2. Using a mercury vapor arc in the Vacuum. In this case, the losses are relatively large if you operate at low voltages must work because the voltage drop in the arc is approximately constant 20 volts.

3. Use of a beam of mercury which is movable with respect to a fixed electrode, with which this periodically comes into contact. In this case a significant amount of energy is consumed in order to put the mercury required for the formation of the mercury beam into circulation.

The present invention aims to circumvent these disadvantages of known mutators and a Provide a mutator that works in better conditions, both for weak voltages and small powers as well as for high voltages and large powers.

The subject matter of the invention relates to a rotating rectifier which has at least has a contact that opens and closes synchronously with a network frequency. This According to the invention, the mutator is characterized in that it is provided with at least one container containing mercury and at least one fixed electrode, this container being around a Movable axis rotates, which is rotatable again around a ίο fixed axis to this way To give mercury a relative movement with respect to said fixed electrode, and that the Mercury forms the cathode for the entire duration of each current passage, whereby »5 the commutation on the occasion of the opening of the circuit takes place in the arc between this cathode and the opposite electrode trains.

As can be seen at once, with such an arrangement the disadvantages of mutators with bypassed fixed contacts, as well as the disadvantage associated with mercury vapor mutators has been cited above. Otherwise the energy is negligible, which is necessary is a relative movement around the small amount of mercury required in the subject matter of the invention with respect to the fixed electrode, which has the disadvantage of mercury beam mutators mentioned above fixes.

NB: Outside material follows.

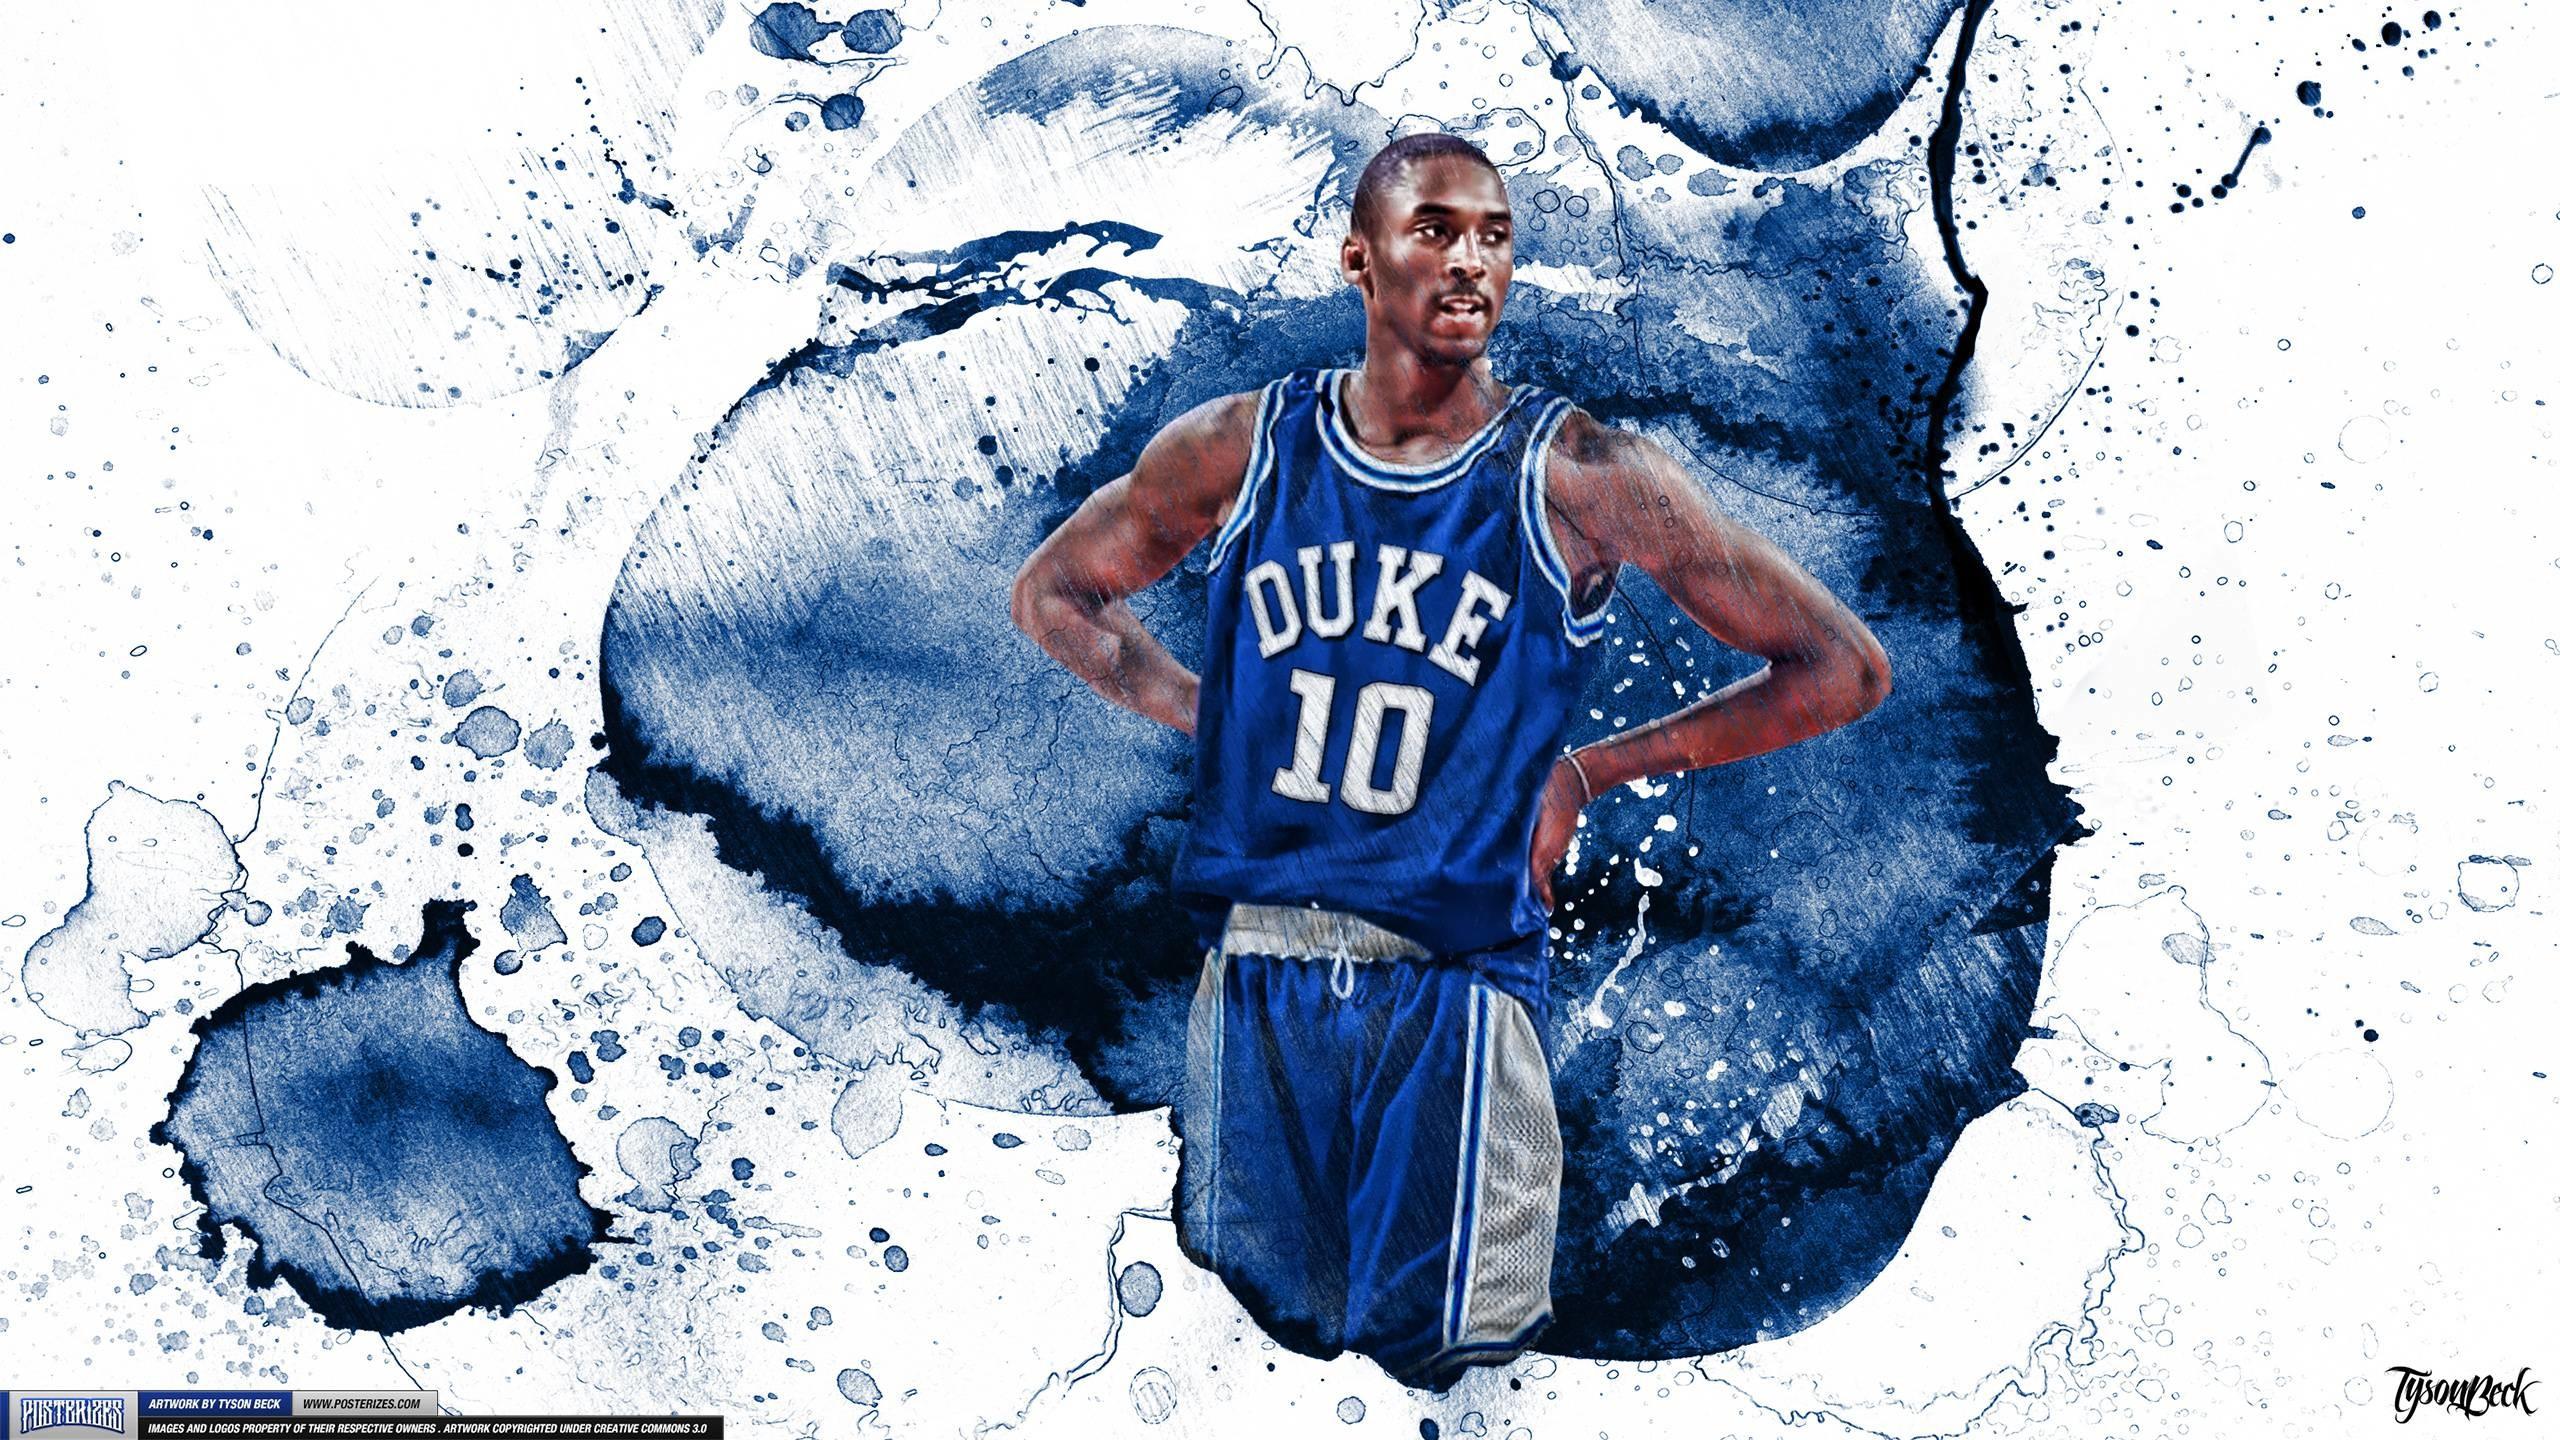 Duke Iphone Wallpaper 961 HD Wallpapers | wallpaperenew.

In the mutator according to the invention, the commutation takes place in the arc, which is without special Facilities the disadvantages cited in connection with mutators with permanent contacts fixes. It can also be seen that the negative characteristic of the arch, enlargement of the Resistance when the intensity decreases, an automatic extinction of the one used for commutation Arc results.

The drawing represents two exemplary embodiments of the mutador according to the invention represent.

Fig. Ι is an axial longitudinal section of a first Embodiment;

FIG. 2 shows a cross section according to H-II of FIG.

Fig. 3 is a cross-section according to HI-III of Fig. 1; Fig. 4 shows a circuit diagram of this first embodiment;

Fig. 5 shows a detail of a variant; Fig. 6 is a section through the second embodiment;

Figures 7 and 8 illustrate details of this second embodiment.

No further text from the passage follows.